I’m starting to suspect my GPU has developed a defect and needs to be returned for service/repair, but before I do that, are there any other things I should check? I reinstalled Blender, updated it to 4.3.2 and it didn’t solve the problem. What else could have broken my system two days ago? And why did it work okay after rollback and then roll forward of the video driver for one night? I don’t want to have to roll back/forward the video driver every time I want to use Blender.
I noticed when I render in Blender, I don’t hear the GPU fan speeding up anymore.
But it’s not overheating. And the utilization tops out at only 10% now.

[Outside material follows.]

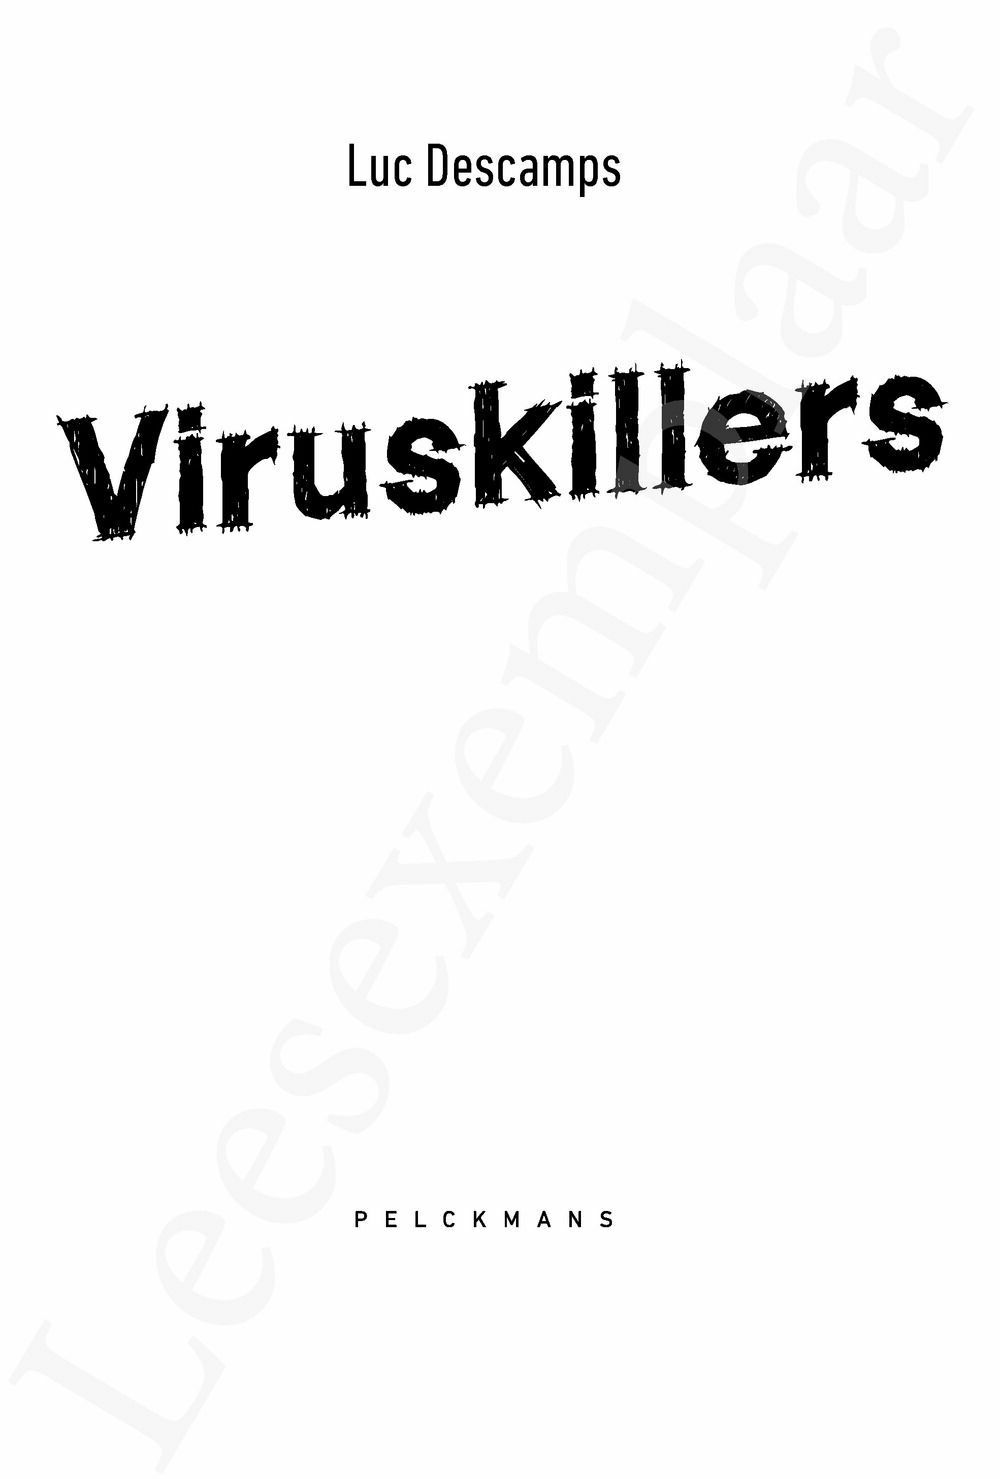 Preview: Viruskillers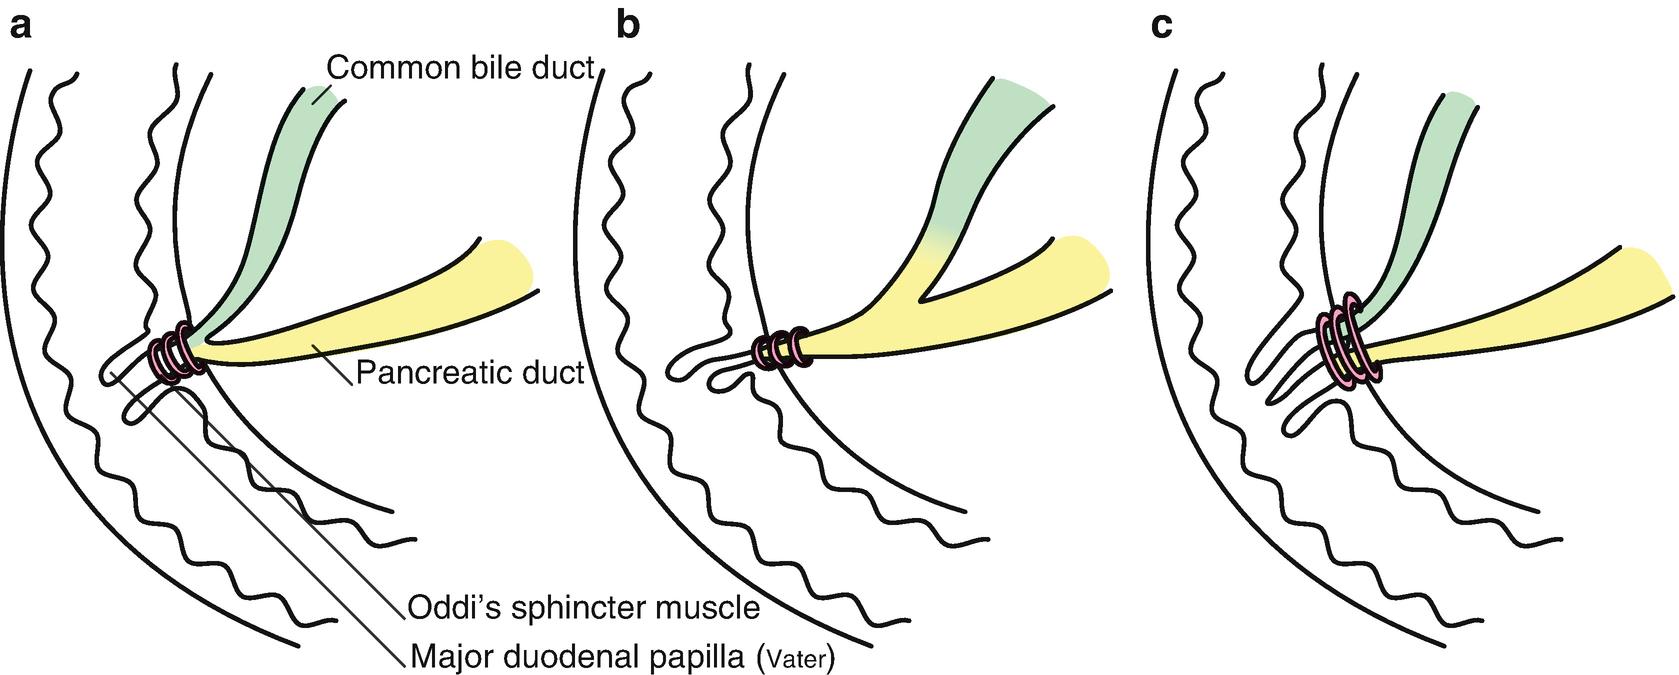 Modern Pancreatic Divisum Anatomy Pattern - Human Anatomy Images ...

Used to go to 100% and the fan would kick up to loud levels.
Adding to tonight’s mystery of poor viewport performance, my GPU normally turns up the fans to a loud level when Blender is rendering to file. Tonight it’s silent. And the GPU usage isn’t hitting 100% like it normally would during render. It’s peaking at maybe 10%. Idle temperature normally would be 46°, but rendering it’s maxing out at 37° where in the past, it would hit over 85°. Something is off here. GPU-Z shows the fans at 53%. And right now the PC is idle and it’s emitting a lot of HEAT.
GPU chip draw only 10 watts during render?? 4096x4096 Cycles render of a 1.5 million polygon interior scene with indirect lighting. Have I entered the Twilight Zone?
These numbers don’t add up. The GPU clock DROPPED to 200MHz during the 30 second render of a 4K image. Notice the clock dropped while the load went up. Normally the clock will go to 1700MHz during render. None of these makes any sense to me.